Portuguese Cut
The Portuguese cut earned its reputation in the early 20th century when cutters in Lisbon popularised a multi-tiered wheel of rhomboid facets for quartz and topaz. With five pavilion tiers and a similarly dense crown, it trades the tidy profile of a brilliant for relentless sparkle—light breaks so many times that even modest material looks electrified.
Traditional instructions were guarded, but the version below mirrors the ratios published by Vargas in Faceting for Amateurs. The pavilion angle starts at 62° and cascades down in 5° steps; the crown mirrors the same rhythm. In ProFacet every bracketed literal (for example [62], [57], [46], etc.) is individually optimisable, so after loading the spec try nudging the upper tiers or letting the optimizer push them.
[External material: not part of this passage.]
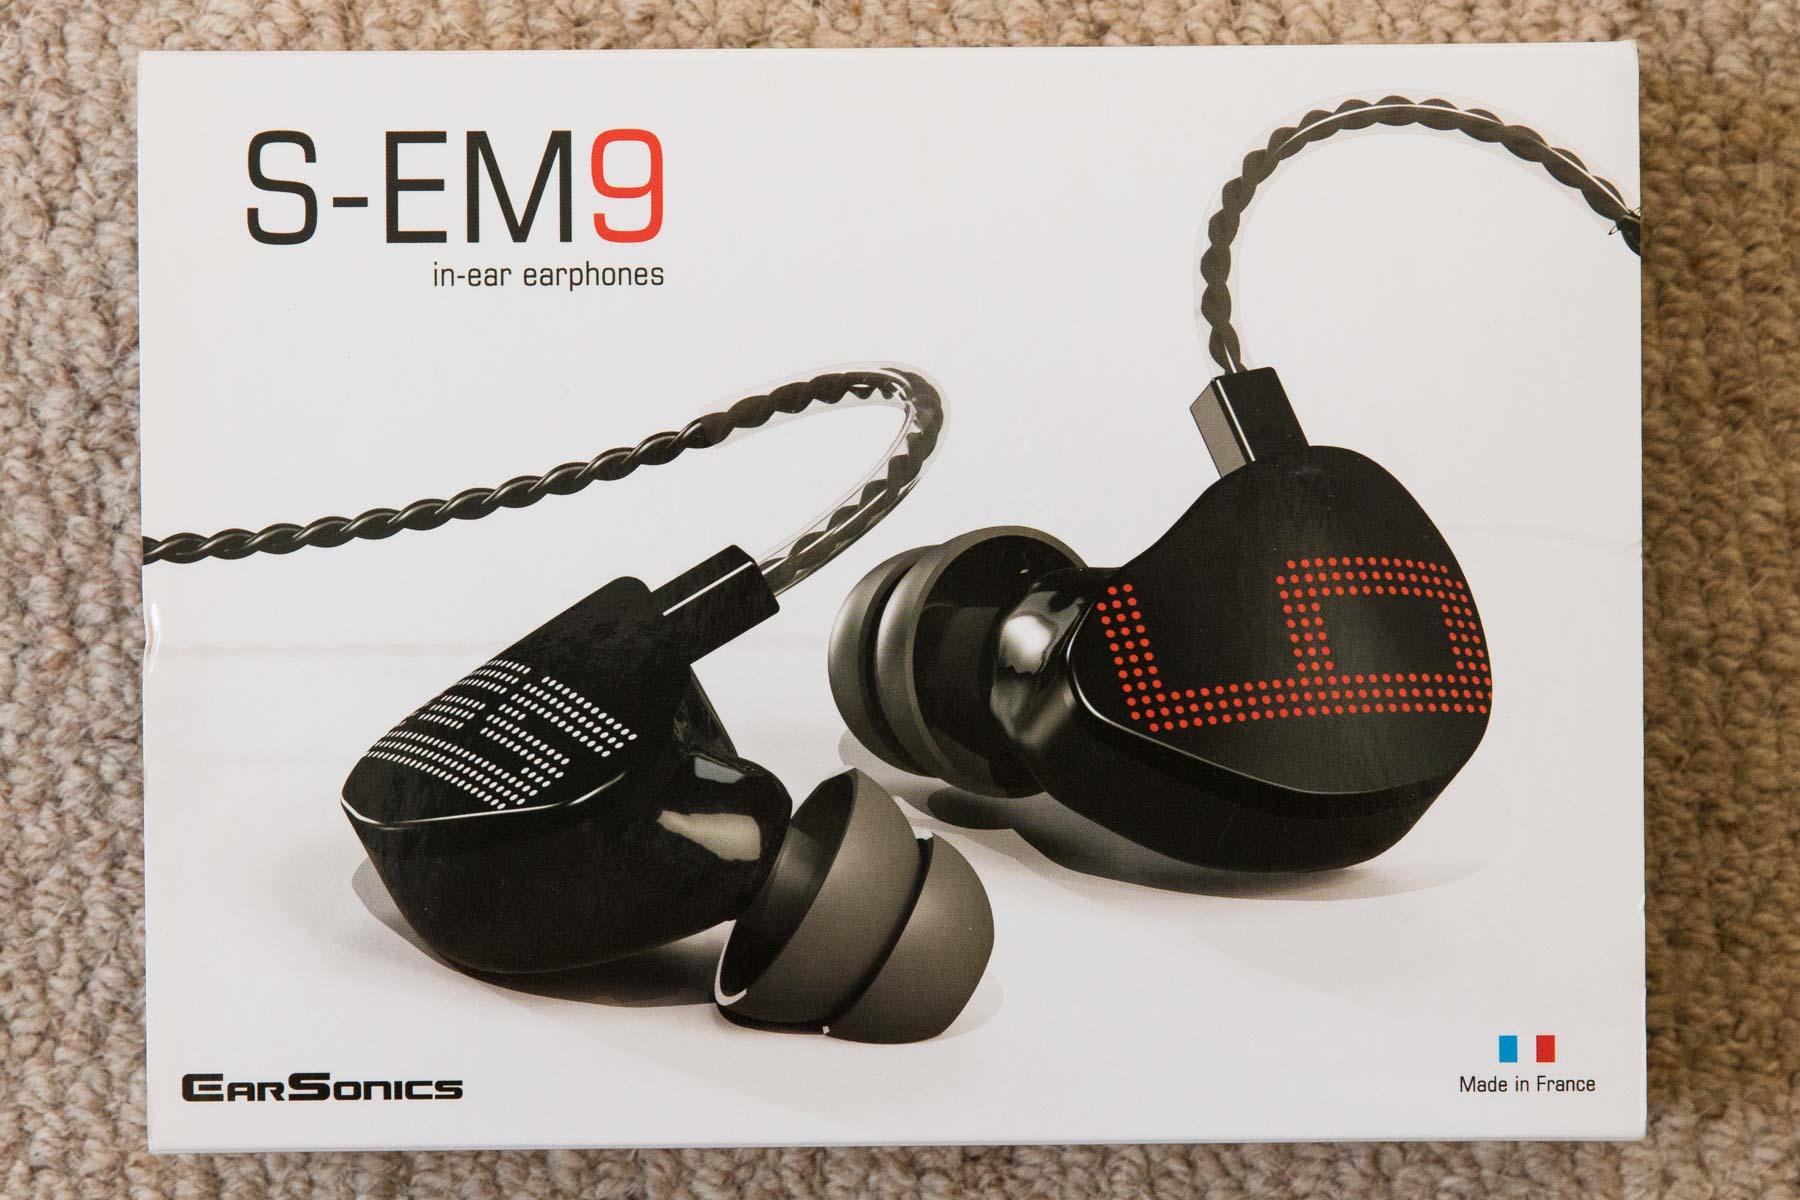 Earsonics S-EM9 earphonesEarsonics S-EM9_2.jpg
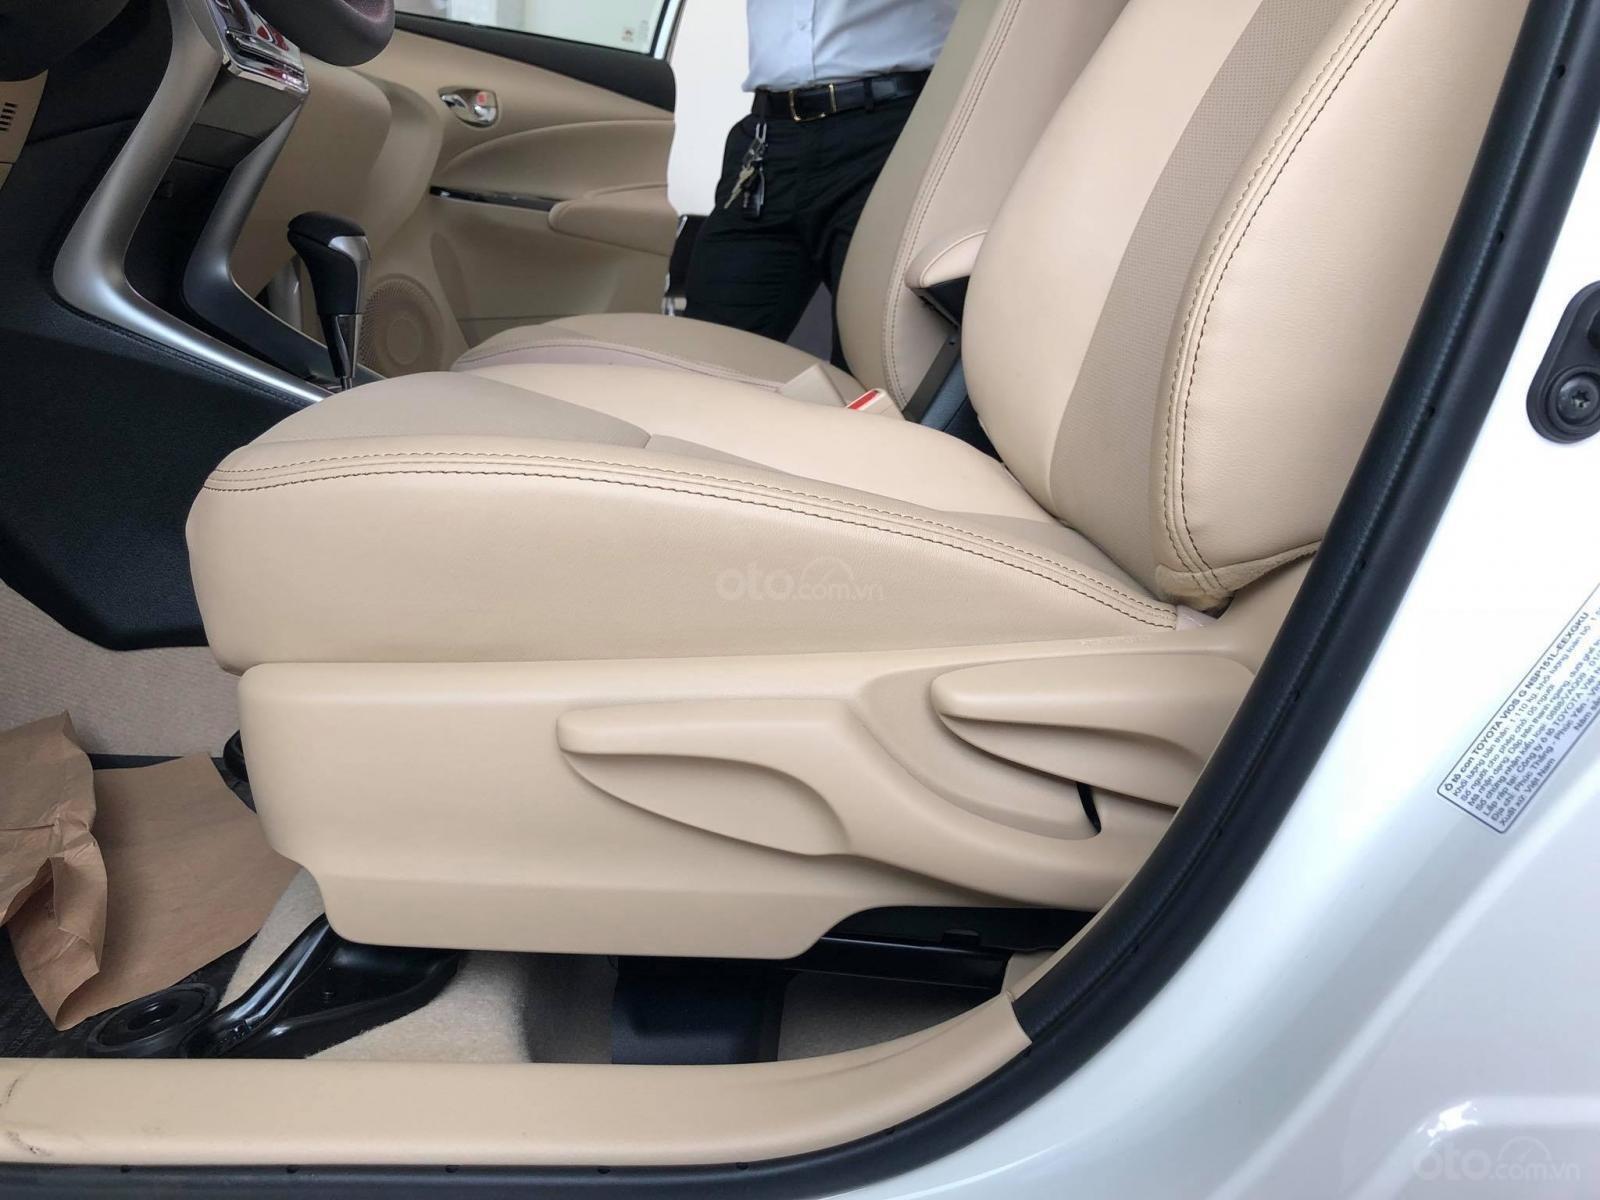 Bán nhanh chiếc xe Toyota Vios 1.5G CVT - 2019 với giá cạnh tranh nhất thị trường (14)

Expect a tangible performance boost—brighter average intensity and richer scintillation—at the cost of a slightly less refined look.
FSL Spec
set name "Portuguese Cut"
set ri 1.54
set gear 96
set cube 3
G1 0 @ 90 : size x 16
P1 0 @ [62] : cp
P2 3 @ [57] : gp
P3 0 @ [52] : mp(P1)
P4 3 @ [47] : mp(P2)
P5 0 @ [42] : mp(P3)
C1 0 @ [46] : mp(P1) +girdle
C2 3 @ [41] : gp
C3 0 @ [36] : mp(C1)
C4 3 @ [31] : mp(C2)
C5 0 @ [26] : mp(C3)
C6 0 @ 0.00 : mp(C4) x1
Interactive View
Note: Be aware that with extreme adjustments the stone begins to lose the Portuguese cut’s characteristic look.